Saturday, April 30, 2011

The Old89ers Top 10 Favorite Albums of All Time #3: Streethawk: A Seduction by Destroyer



Hey girl, come on and take a whirl, in my ma-chine!

So Destroyer is the only band to get two albums into "The Old 89ers Top 10 Favorite Albums of All Time". And it just so happens that two-thirds of the Old 89ers (the Old 59.3'ers, I guess) recently saw Destroyer (live! in concert!). Did Dan Bejar do some bribing? Did he, as we say, *affect* the outcome? I don't have a view about this - I'm just raising some interesting, compelling, and *important* questions. For your consideration.

I don't know which one of the other Old 89ers first made me listen to Destroyer, but I have a hunch it was one of you two mugs that heard them first. There's still a big part of me that hears Fargo when I hear Destroyer. Especially when I hear this album. It was burned into my soul while we kicked around the back alleys of eastern North Dakota, chasing silvery rabbits with our headphones on.
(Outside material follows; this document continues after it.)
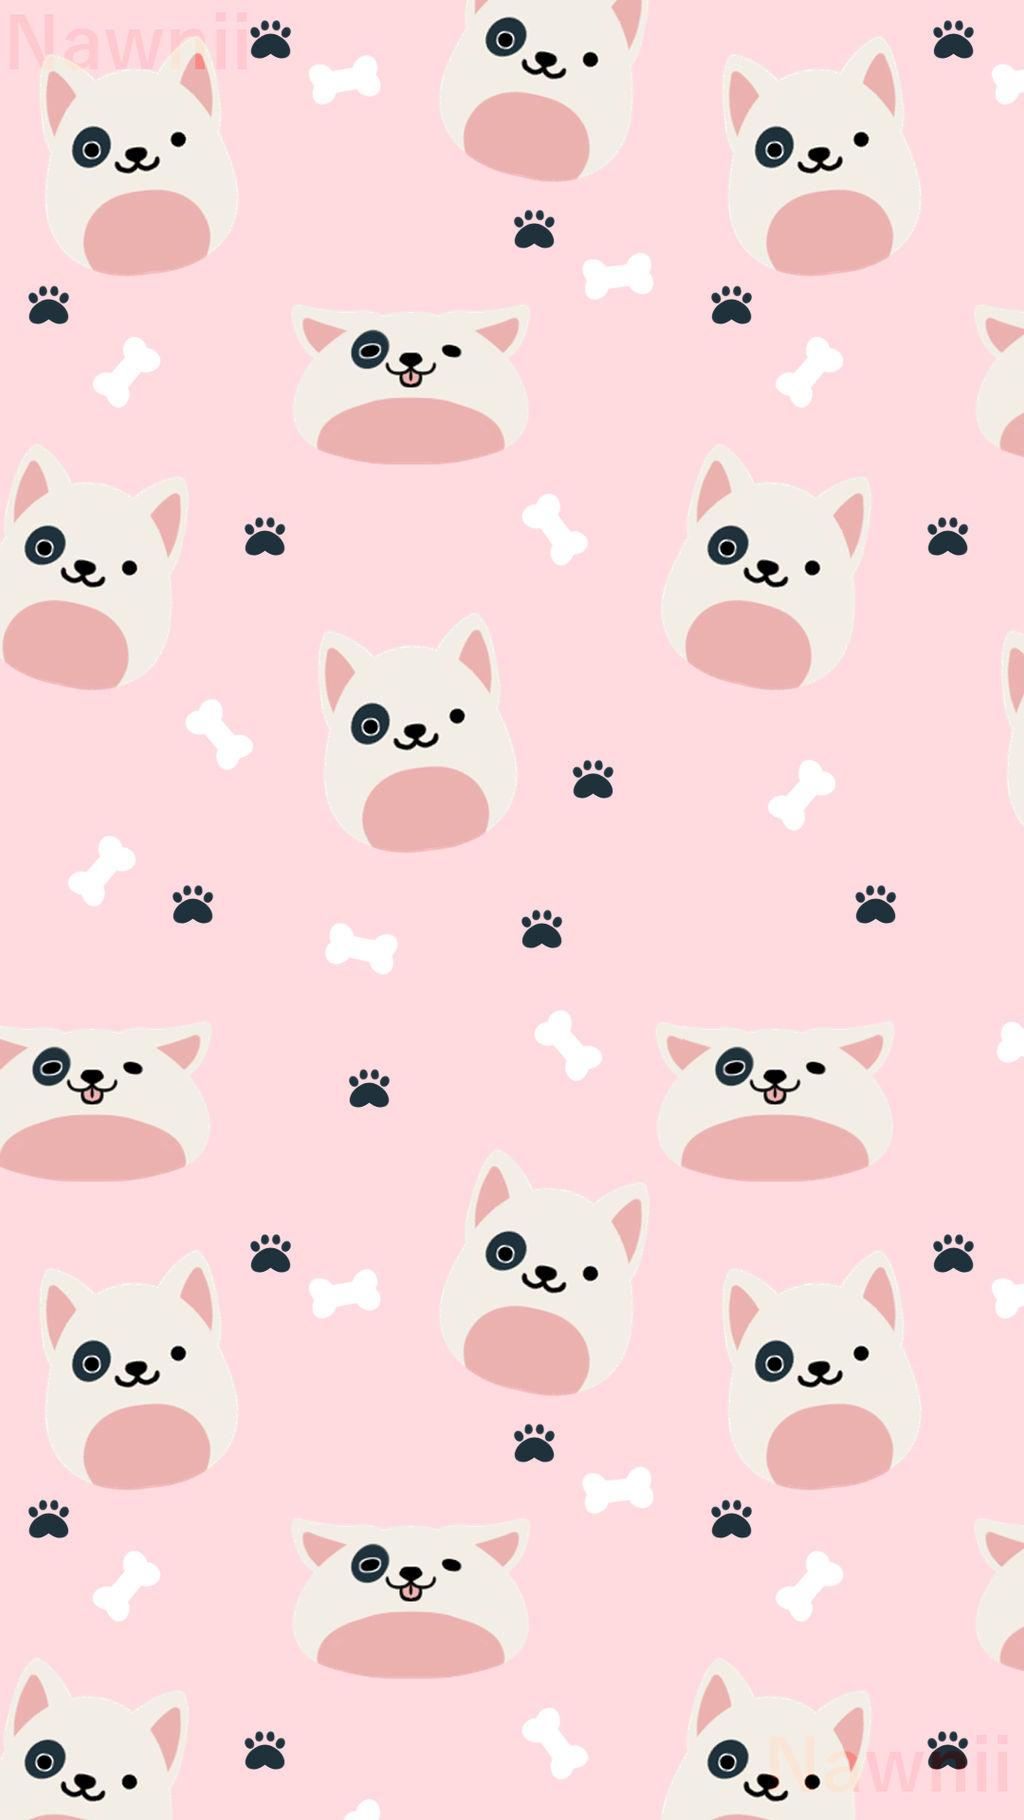 Charlie Squishmallow Wallpaper by Nawnii on

This album is one of those where I think I could sing along with the entire album, but I actually barely know any of the lyrics. When I look them up, I'm surprised at what he's saying. It barely looks familiar. But when the album is spinning, I kind of know them all and can sing along fairly well (and I do!). In that respect, it reminds me Sunny Day Real Estate's "Diary".

I like all of the Destroyer music that I've heard, but to be honest, most of it outside of "Streethawk" blends together for me. I generally don't know which songs are from which album, except for those from this one, which I think has a sort of mystical glue that sticks all the songs together in a lump. I love that about an album. It's kind of a concept album, but who knows what the concept is? I don't, and I don't really care.
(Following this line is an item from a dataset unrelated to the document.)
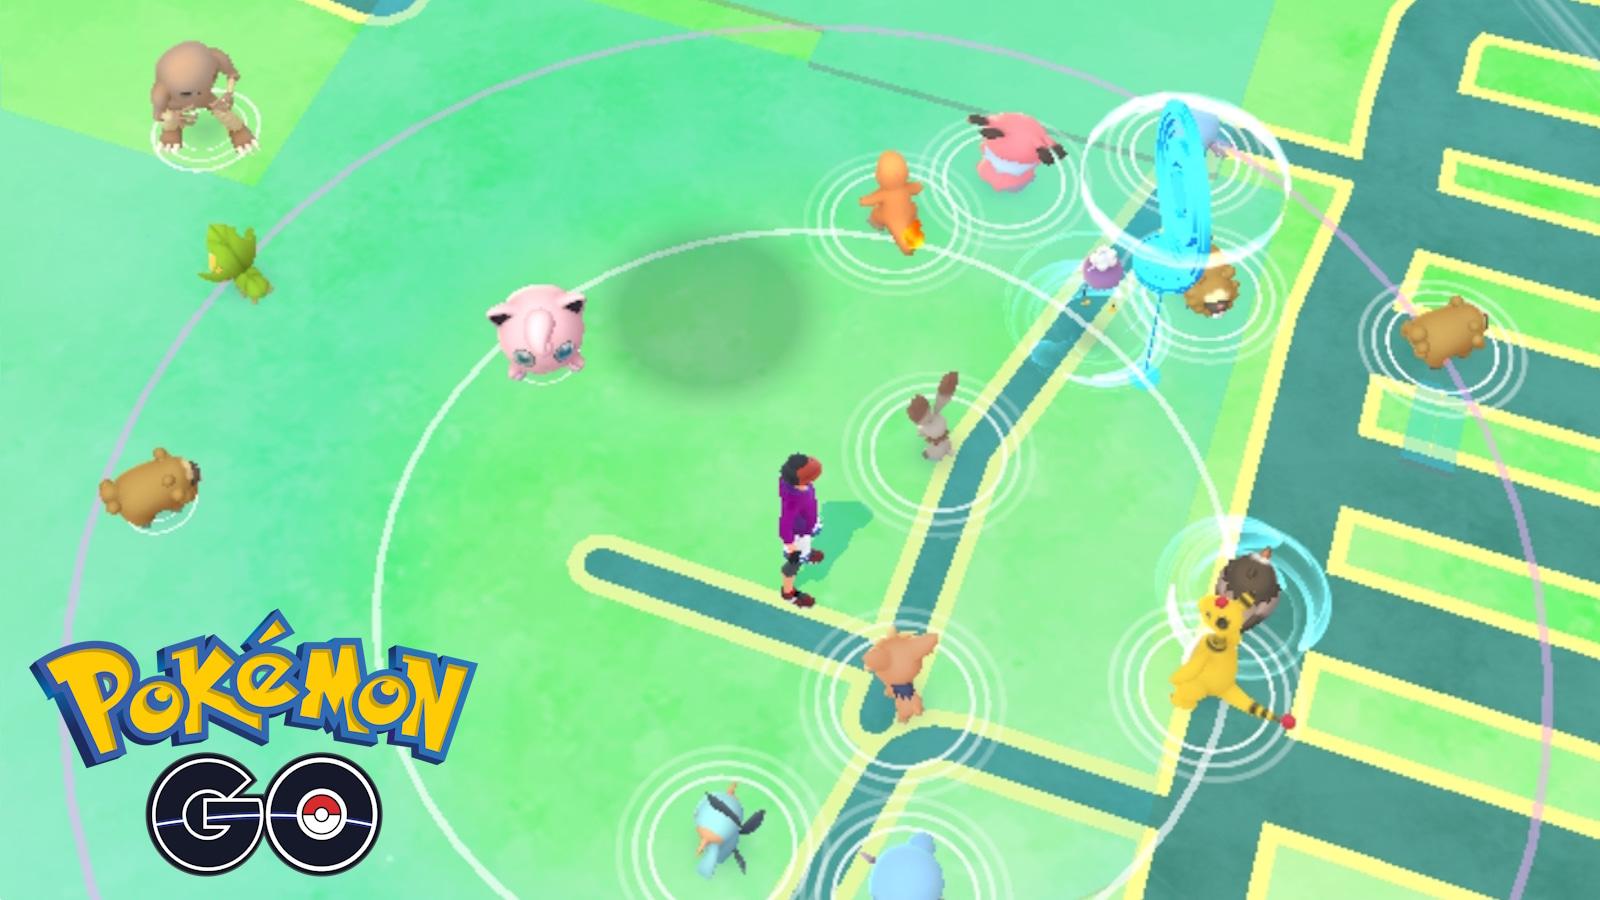 High-res image of Pokemon Go spawn rate distance increased after update.

Like all these albums we love and listen to forever, my favorite song changes from time to time. Lately, it's been "Farrar, Straus and Giroux (Sea of Tears)". It has some really classic Destroyer lyrics.. from the opening line, "It was back amongst the living.. your smile was giving.. me a thrill..", to the thickly intellectual middle lines:

It's true, I needed you more.. back when I was poor
the wealthy dowager (the patroness) -
she guessed it, and the answer wasn't yes, but..
her maxims were fine, the ethos that flew about her mind
like swallows in search
of a burned-down bell tower church!

I think that's exactly what it takes.